# Nissan LEAF battery upgrade from 24 kWh to 30 kWh battery



## 67BGTEV (Nov 1, 2013)

Design of the battery box is not compatible. 
If you are thinking of changing individual modules, that's possible but wouldn't be ease and not sure if it fits in the 24kwhr box. 

Sent from my ONEPLUS A3000 using Tapatalk


----------



## rmay635703 (Oct 23, 2008)

As stated, you have to take out both batteries and swap all the cells over, reason is the car is matched to the BMS and pack, understand it is quite easy to short something out and moderately difficult to get the interconnections and BMS wires to reach .
others like Cor have done it but the discharge curve for the 30kwhr pack makes it so half your range is after the very low battery warning, irritating but possible to live with


----------



## greenheaven (Aug 19, 2017)

rmay635703 said:


> you have to take out both batteries


I don't meant to swap cells from a battery pack to another one. I meant to buy NEW pouch cells of the same dimensions of the old one and replace them....


rmay635703 said:


> ... the car is matched to the BMS and pack


there is a way to hack the (car or BMS) software in order to re-match the car to BMS with the new capacity of battery?



rmay635703 said:


> others like Cor have done it ...


I tried to search for some post of Cor speaking about it but I cannot find anything on the forum


----------



## Kevin Sharpe (Jul 4, 2011)

greenheaven said:


> I don't meant to swap cells from a battery pack to another one. I meant to buy NEW pouch cells of the same dimensions of the old one and replace them....
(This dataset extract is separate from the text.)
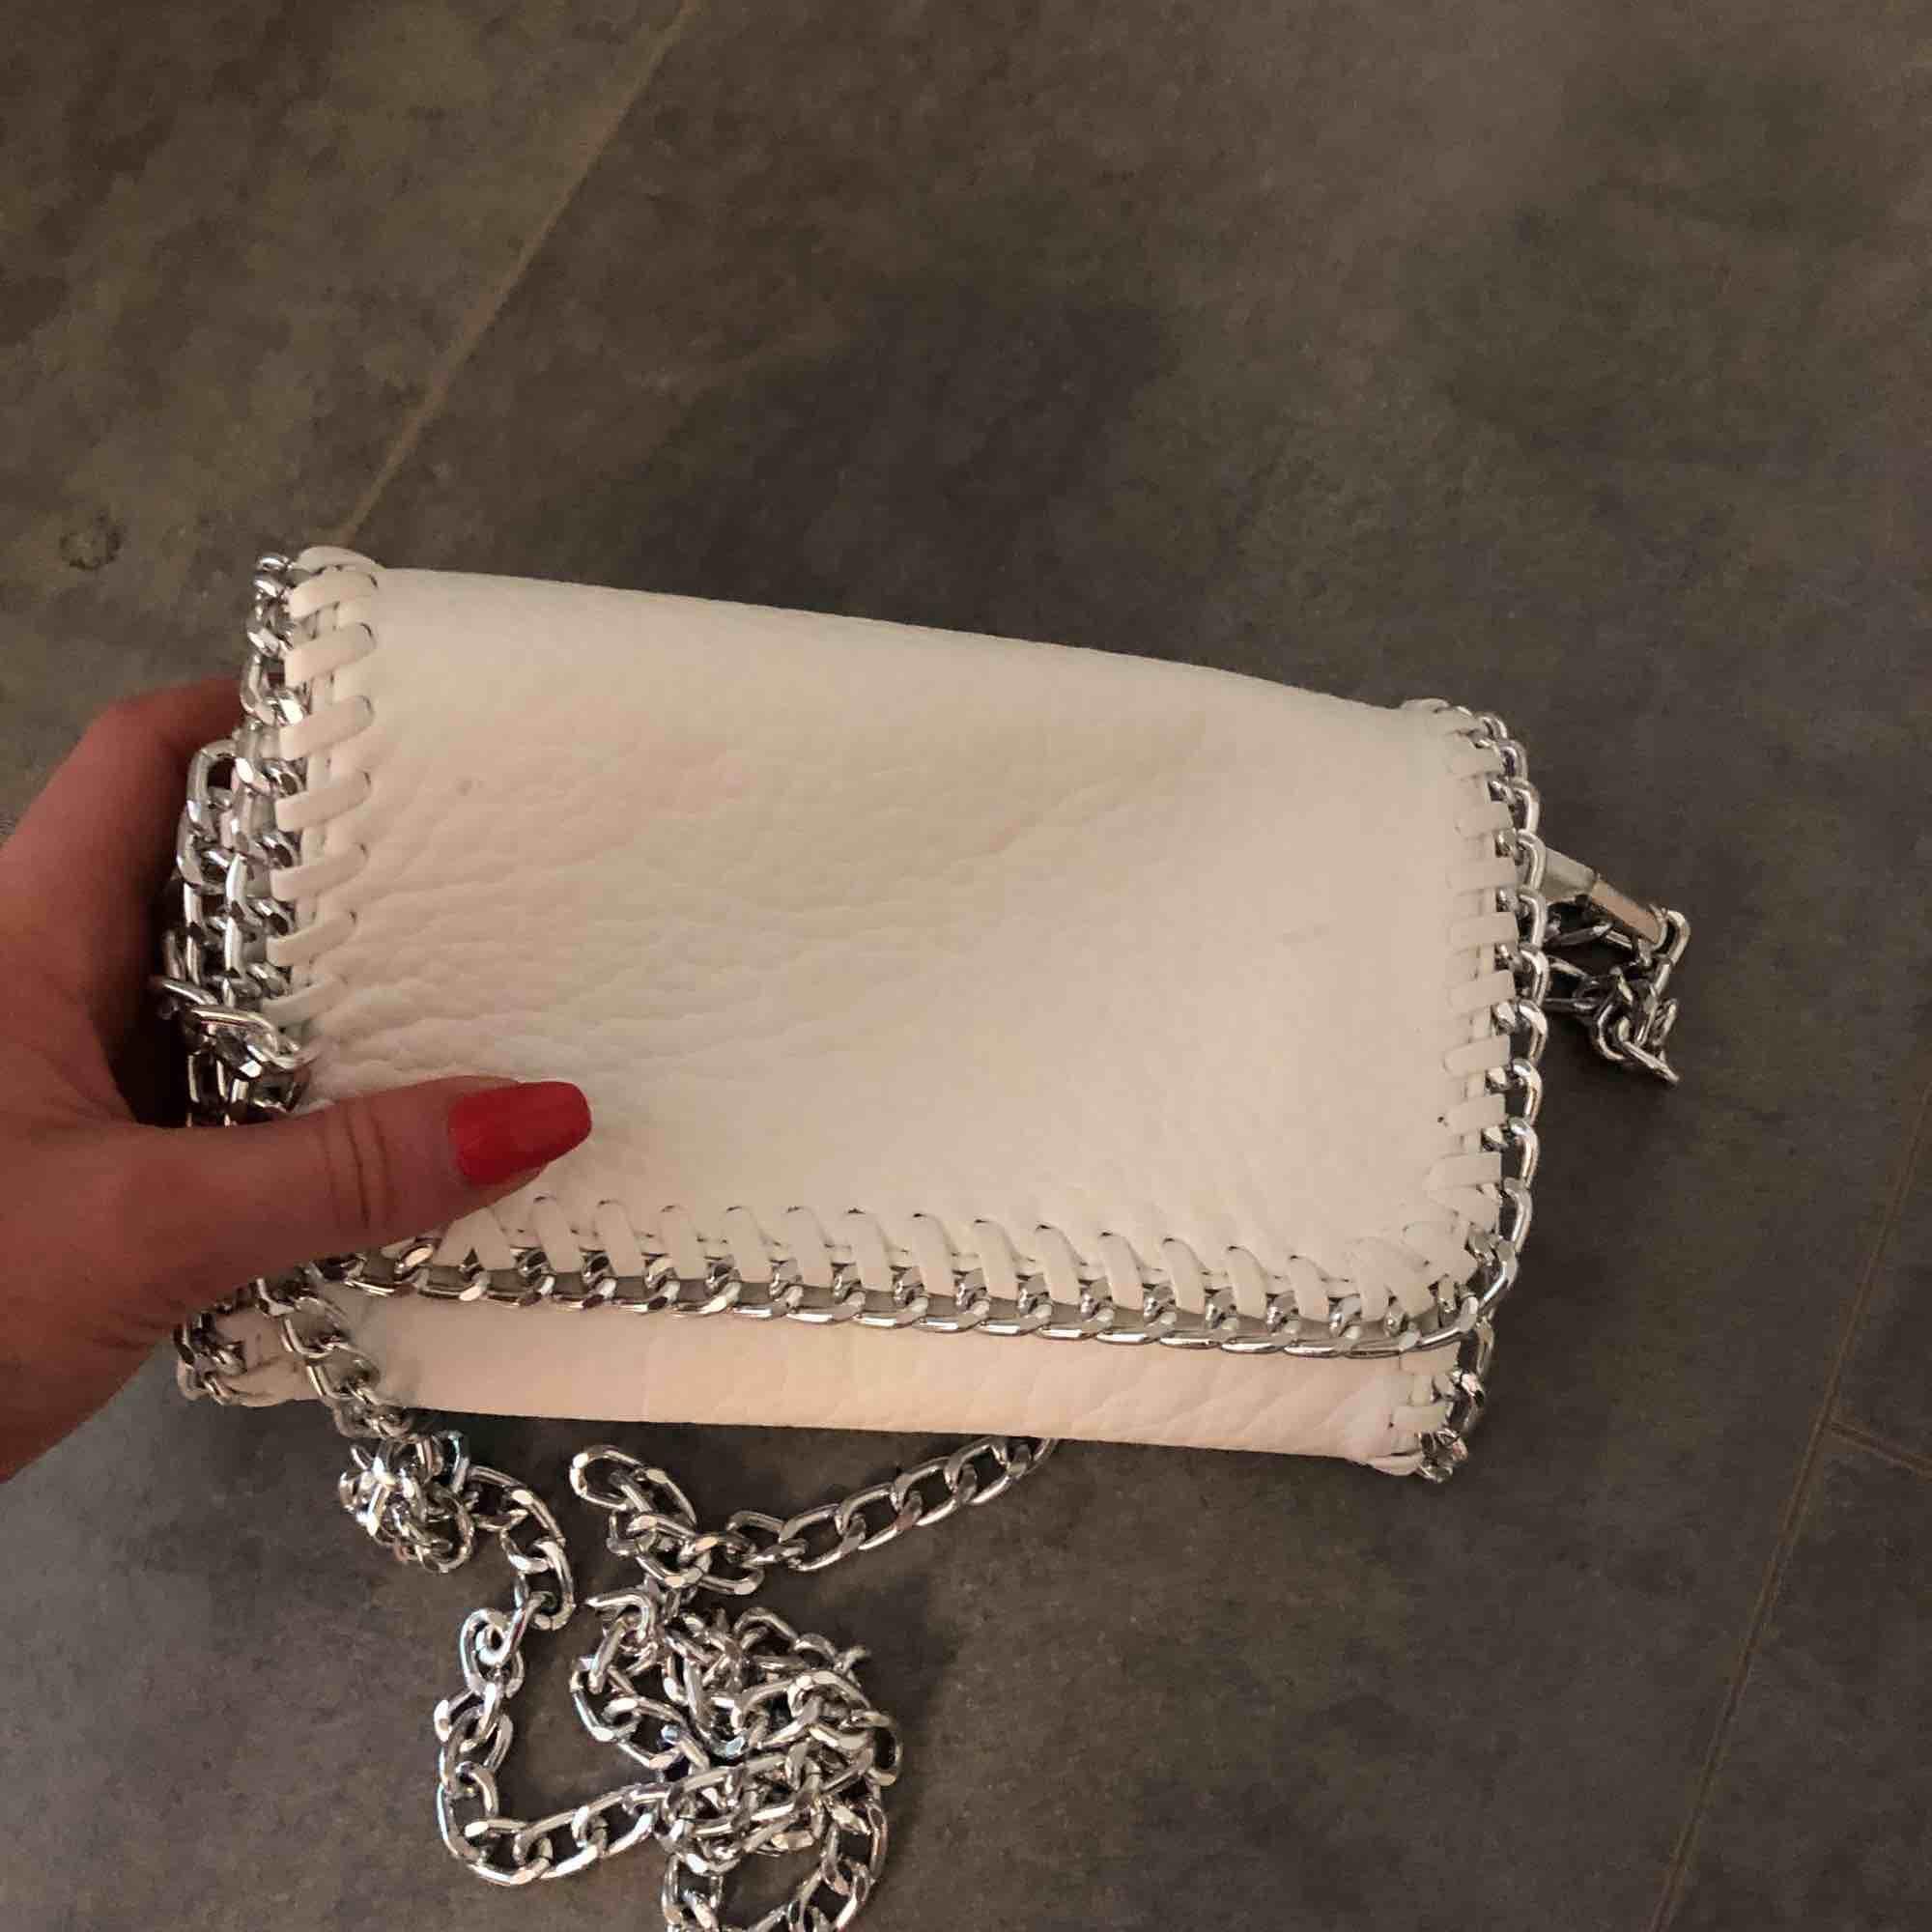 Vit liten väska  Ca 20X15 cm. Accessoarer.

If you take a look at the following thread you'll see the pouch cell interconnects are welded together and it would be difficult to replicate this. Indeed in the "Gen 2" battery the pouch cells appear to be glued together.

http://www.diyelectriccar.com/forums/showthread.php?t=163170

IMO it's much easier to work with the new modules and design a battery pack that fits on your 'old' Leaf.



greenheaven said:


> there is a way to hack the (car or BMS) software in order to re-match the car to BMS with the new capacity of battery?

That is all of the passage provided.